Она отрывисто кивнула и завела машину. Они уехали: Тесс — не оглядываясь, Рори — опустив голову. Зато Кива еще долго махала журналистам рукой.
Я натянул форменную фуражку. Толпа сомкнулась вокруг меня, но теперь, когда жена и дети уехали, мне было легче. Репортеры и фотографы больше не могли меня задеть — по крайней мере, так же сильно.
Даже в вылинявших джинсах и простой белой рубашке Фэррен производил впечатление человека богатого. Он был в отличной форме, несмотря на свои сорок с хвостиком и двенадцатичасовой перелет. Однако главное, что бросалось в глаза, — это загар. Фэррен явно проводил много времени на солнце и пропитался его светом насквозь. Именно благодаря загару он выглядел так, словно вел приятную, обеспеченную жизнь.
— Моя фамилия Фэррен, — сказал он с лондонским акцентом и добавил: — Придется нам поторопиться.
Рейс из Бангкока задержали, и стоял уже поздний вечер. Большинство клиентов на месте Фэррена сразу отправились бы в отель, заказали в номер ужин и приступили к делам на следующее утро. Но только не он. У него была назначена встреча в гостинице недалеко от аэропорта, а так как самолет опоздал, времени оставалось в обрез.

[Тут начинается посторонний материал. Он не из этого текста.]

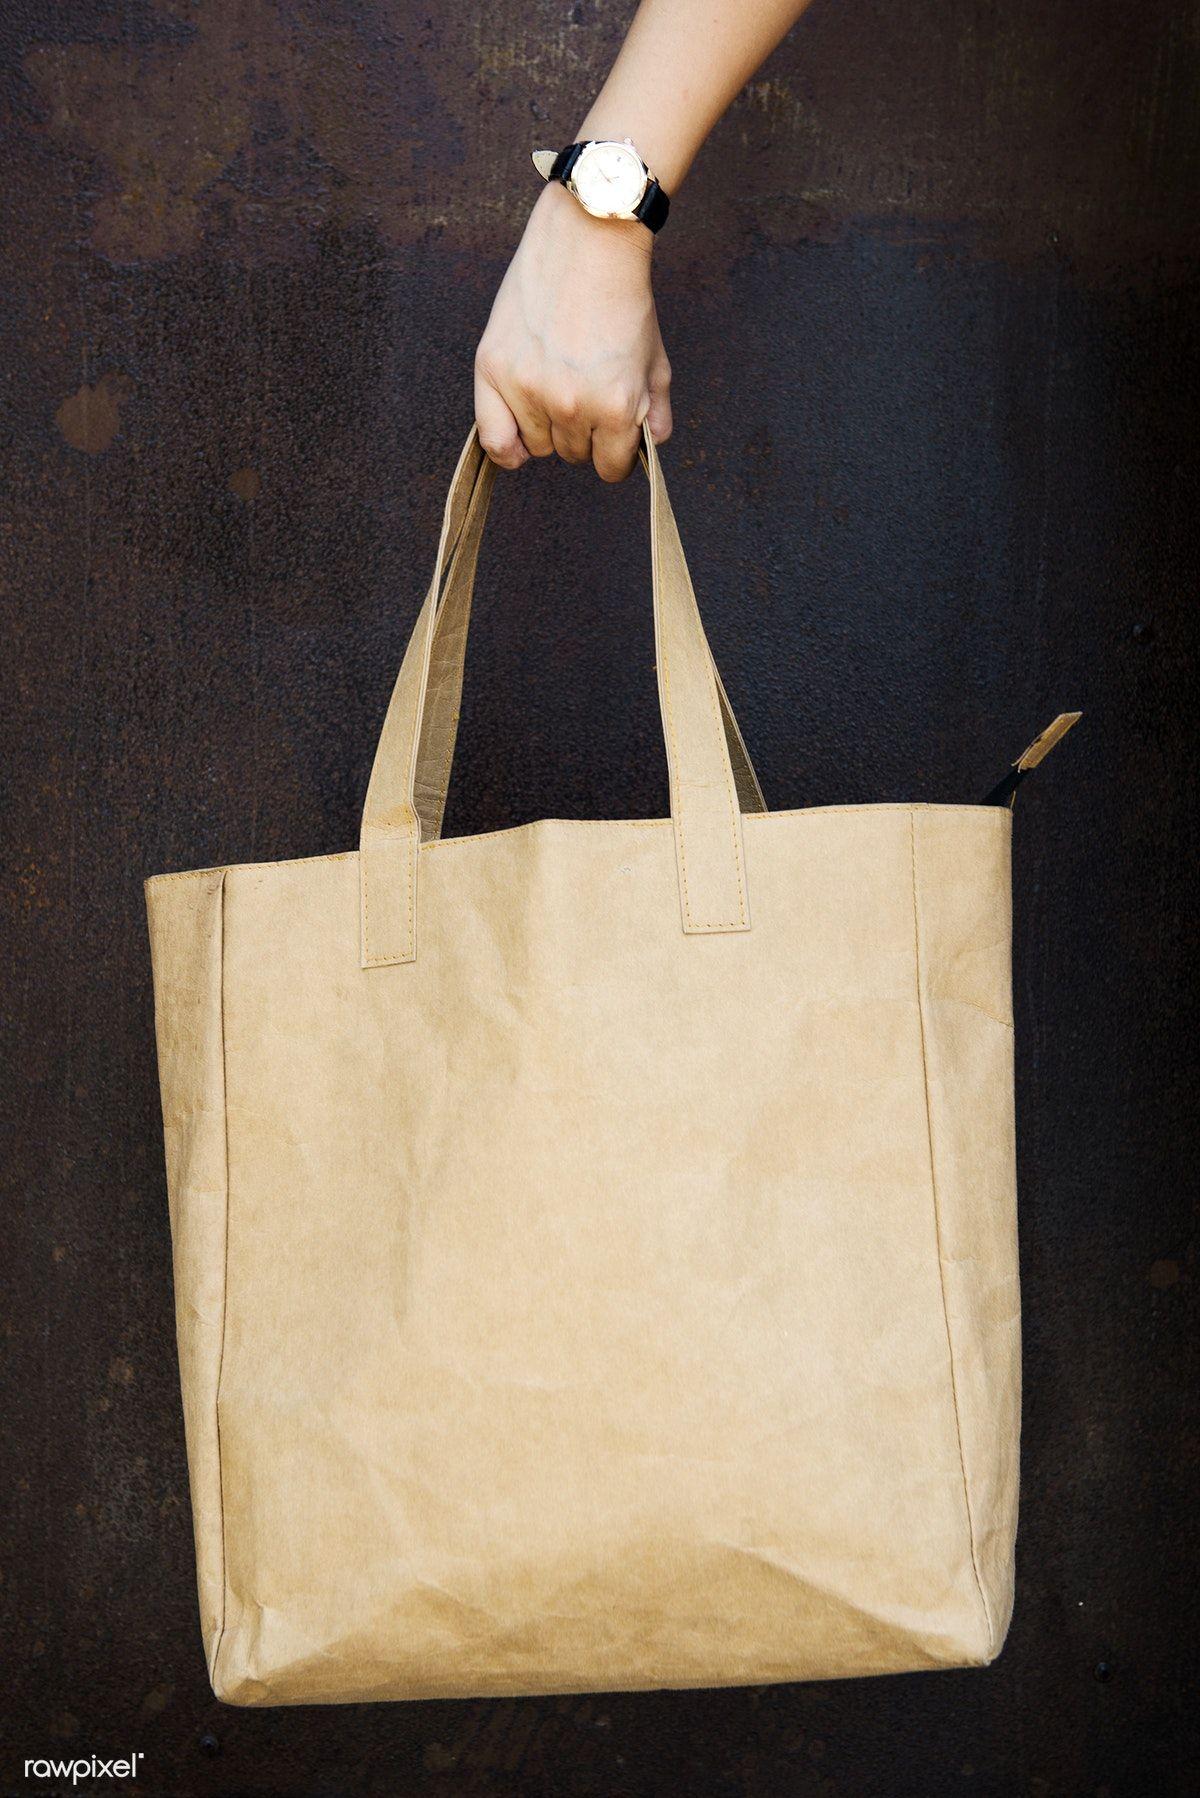 Download Download Premium Psd Of Design Space On Blank Tote Bag 295451 Blank Tote Bag Shopping Bag Design Tote Bag

Я взял его чемоданы, и он молча пошел за мной к машине. Некоторые шоферы пытаются вести себя с клиентами по–приятельски: расспрашивают, как прошел перелет, жалуются на лондонскую погоду и все в таком духе. Сам я никогда не приставал с разговорами. По–моему, когда человек только что прилетел с другого конца света, ему не до болтовни.
Я открыл дверцу машины и подождал, пока Фэррен устроится на заднем сиденье, потом уложил чемоданы в багажник и уточнил, куда ехать. Он назвал отель рядом с аэропортом — в таких останавливаются, когда прилетают рано утром или поздно вечером. Существуют они в основном за счет конференций, семинаров, публичных выступлений. За счет людей, которые обучают или продают. Именно этим и занимался Фэррен — продавал мечту.
— Температура в салоне вас устраивает? — спросил я.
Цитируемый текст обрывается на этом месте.